Flensburg | Der Kopf will noch, der Körper kann aber nicht mehr: Holger Glandorf hat nach elf Jahren seinen Rücktritt aus der deutschen Handball-Nationalmannschaft erklärt. Der 31-Jährige vom Bundesligisten SG Flensburg-Handewitt führte für diese Entscheidung vor allem gesundheitliche Probleme an. „Die Entscheidung ist über den ganzen Sommer gereift. Zwölf Jahre Profi- und elf Jahre Nationalmannschaftskarriere gehen an keinem Körper spurlos vorbei. Ich habe einige gesundheitliche Baustellen, die ich nicht mehr ignorieren kann“, erklärte der Weltmeister von 2007 am Montag im Interview dem Magazin „Handball Time“. Er geht somit mit einer Bilanz von 167 Länderspielen und 576 Toren für Deutschland in den internationalen Ruhestand.

Weil der wurfgewaltige Rückraumspieler für den Champions-League-Sieger aus Flensburg noch einige Jahre auf Torejagd gehen will, steht er nun dem neuen Bundestrainer Dagur Sigurdsson nicht mehr zur Verfügung. Mit dem Isländer, der am Dienstag seinen Kader für die Länderspiele gegen die Schweiz bekanntgibt, führte Glandorf ein „langes und gutes Gespräch. Seine Ideen und Ansätze haben mich genauso begeistert, wie sie auch meine langjährigen Mitspieler und meine Nachfolger begeistern werden. Aber für meinen Club möchte ich auch in den nächsten Jahren gesund zur Verfügung stehen, dafür sind längere Regenerationspausen nötig, die die aktuelle Doppelbelastung nicht zulässt.“

Der Linkshänder hatte 2012 nach einer Ferseninfektion gar sein Karriereende befürchten müssen. Wegen Achillessehnenproblemen hatte er sich von Teamärzten des Deutschen Handballbundes (DHB) mit einer Cortisonspritze behandeln lassen, die später eine starke Entzündung ausgelöst hatte. Eine Notoperation und zwei weitere Eingriffe folgten. Dann hatte Glandorf eine Klage gegen den Mannschaftsarzt angekündigt, die Auseinandersetzung endete mit einem Vergleich. „Nach den drei infektionsbedingten Fußoperationen, die 2012 in kurzen Abständen erfolgten, habe ich meinen Blutdruck nie richtig in den Griff gekriegt. Hierzu kommen einige andere verschleißbedingte Beschwerden. Schon am Anfang des Jahres habe ich gemerkt, dass ich zwar meinen Kopf steuern, aber meinen Körper nicht täuschen kann“, erklärte Glandorf.

Für ein Comeback würde er nur im absoluten Notfall bereitstehen. „Wenn alle Stricke reißen, bin ich immer gesprächsbereit“, erklärte der zweifache Familienvater dem Fachmagazin. „Allerdings kann ich die Jahre, in denen ich noch Handball spielen kann, an einer Hand abzählen.
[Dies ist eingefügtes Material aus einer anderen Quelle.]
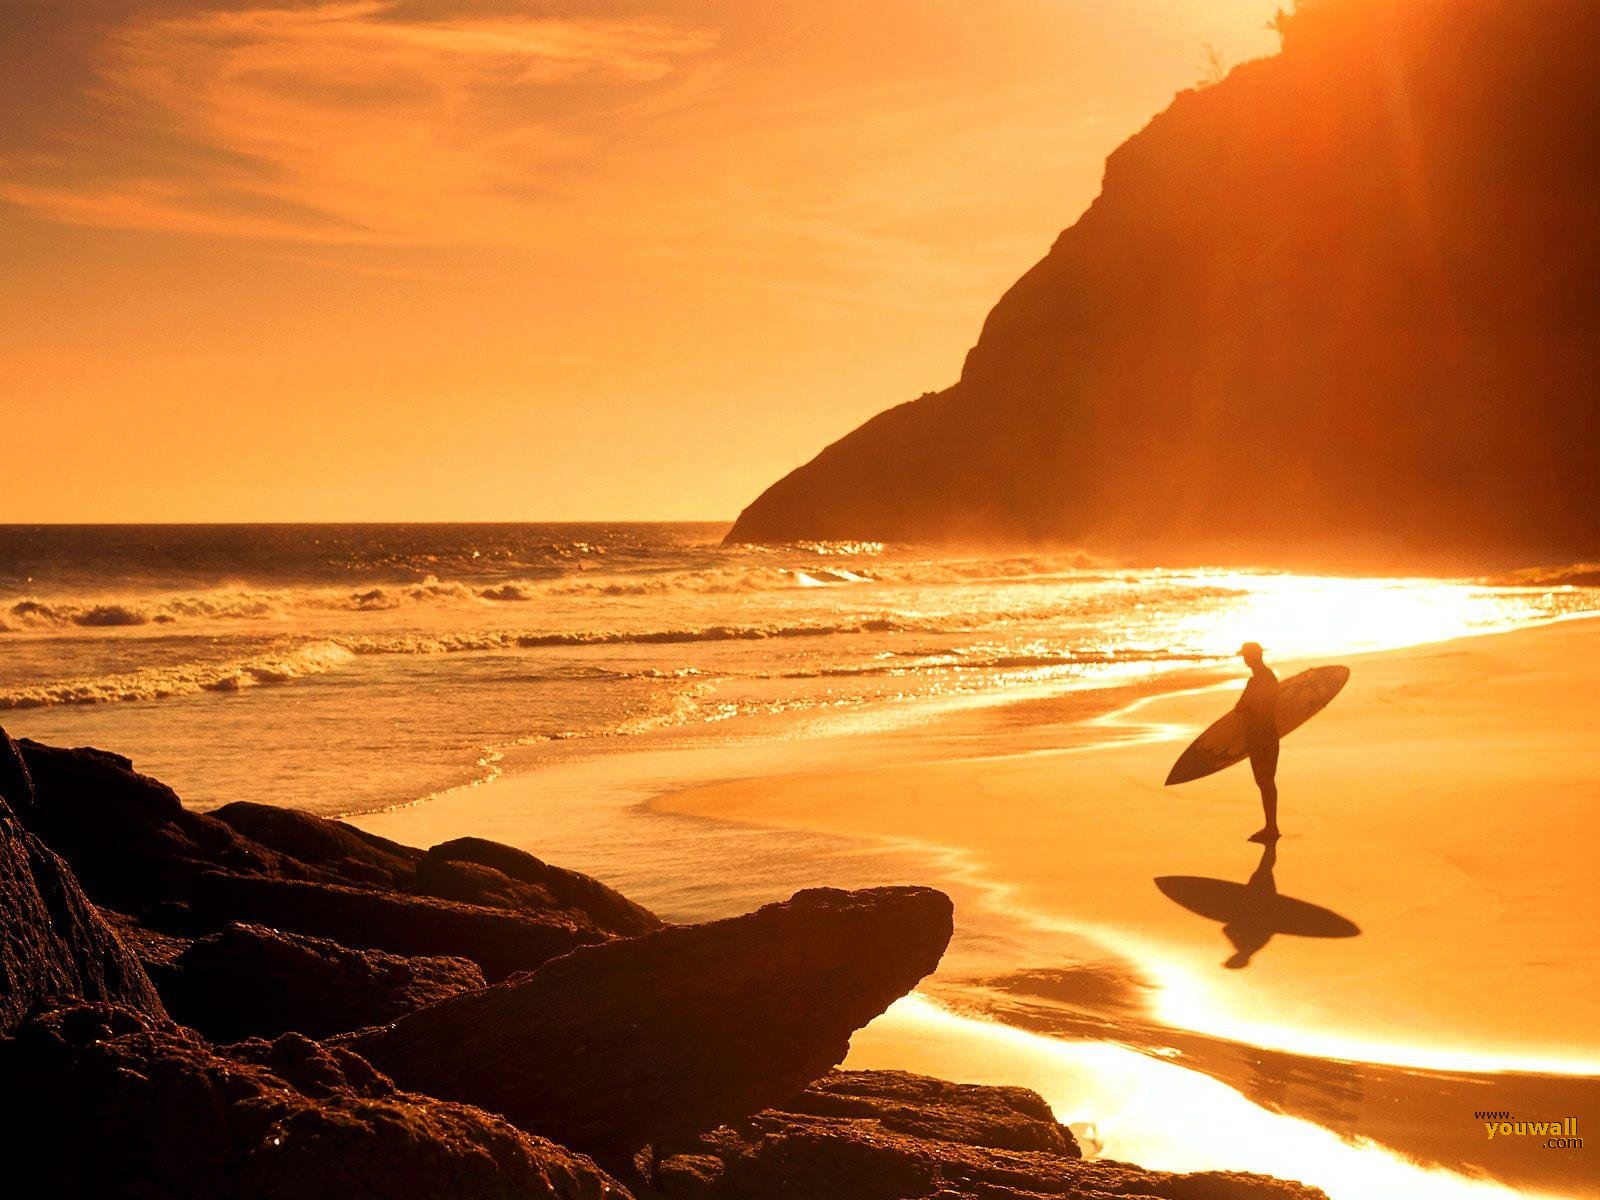 Youwall Beach Sunset Surf Wallpaper
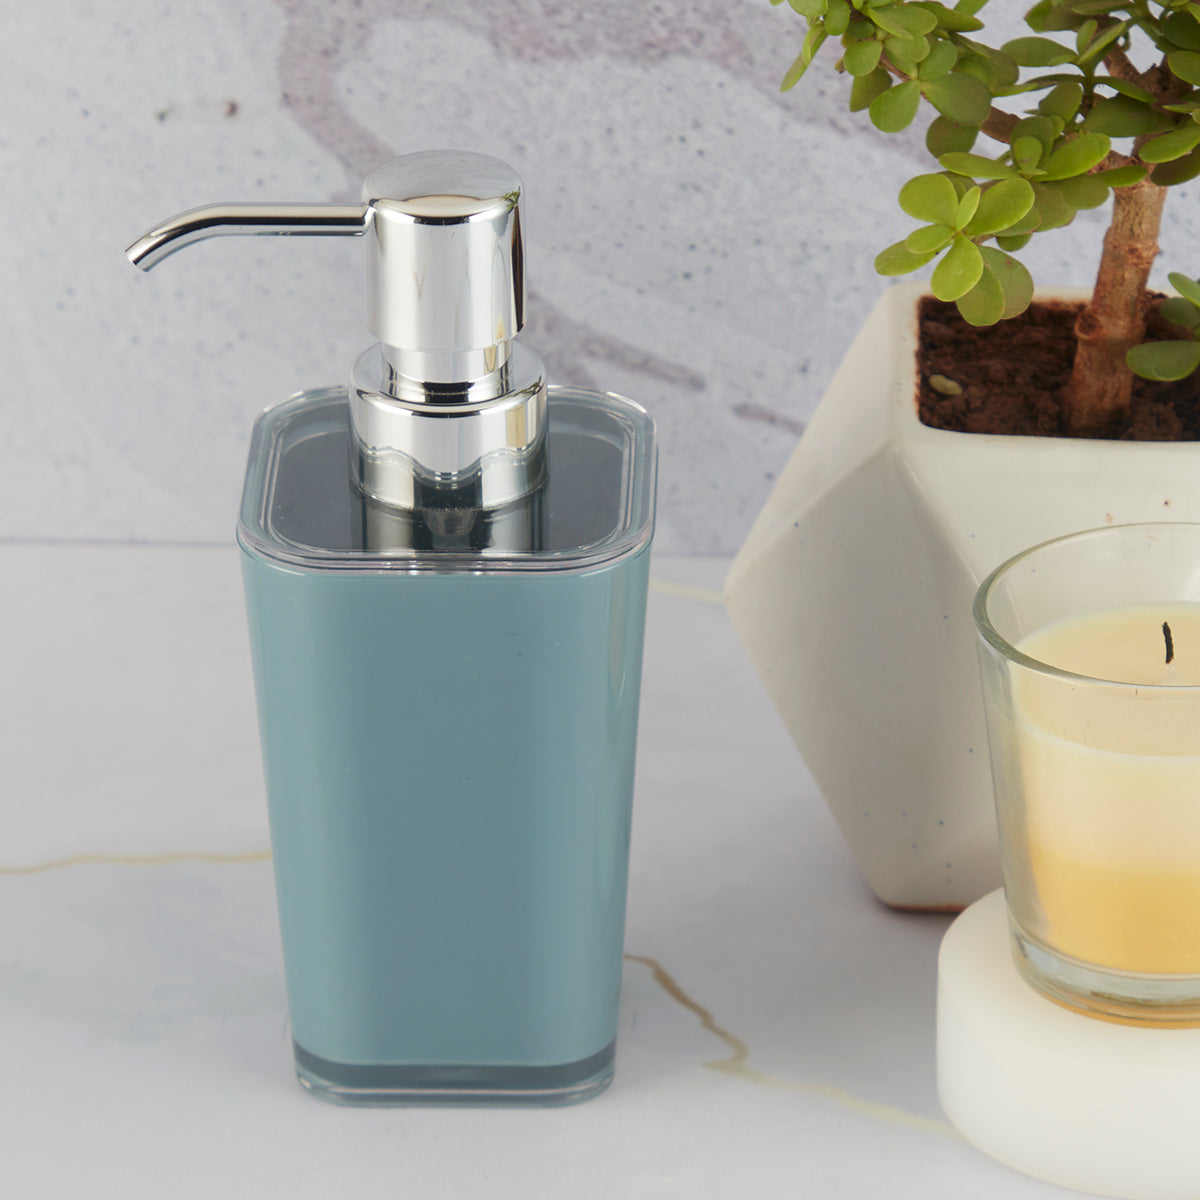 Acrylic Soap Dispenser Pump for Bathroom for Bath Gel, Lotion, Shampoo (10000)

Ich muss auch sagen, dass ich nach meinem langen Krankenhausaufenthalt 2012 auch ziemlich demütig geworden bin, was meine Gesundheit betrifft. Nach meiner Karriere möchte ich zumindest einigermaßen gerade gehen können.“

Wann hatte Holger Glandorf sein Länderspieldebüt?

Sein Länderspieldebüt hatte der Rückraumspieler am 4. Januar 2003 gegen Ungarn in Stuttgart.

Für welche Vereine hat Holger Glandorf gespielt?

Bis 1999 spielte Holger Glandorf beim Osnabrücker SC. Von 1999-2009 bei der HSG Nordhorn, danach von 2009-2011 bei der TBV Lemgo. Seit 2011 spielt der 31-Jährige für die SG Flensburg-Handewitt.

Was sind Holger Glandorfs größten Erfolge?

Holger Glandorf wurde mit der Nationalmannschaft 2007 Weltmeister. Mit der SG Flensburg-Handewitt wurde er 2014 Champions-League-Sieger. 2008 gewann er mit der HSG Nordhorn den EHF-Pokal,  2010 mit dem TBV Lemgo. Den Europapokal der Pokalsieger gewann Glandorf im Jahr 2012 mit der SG Flensburg-Handewitt.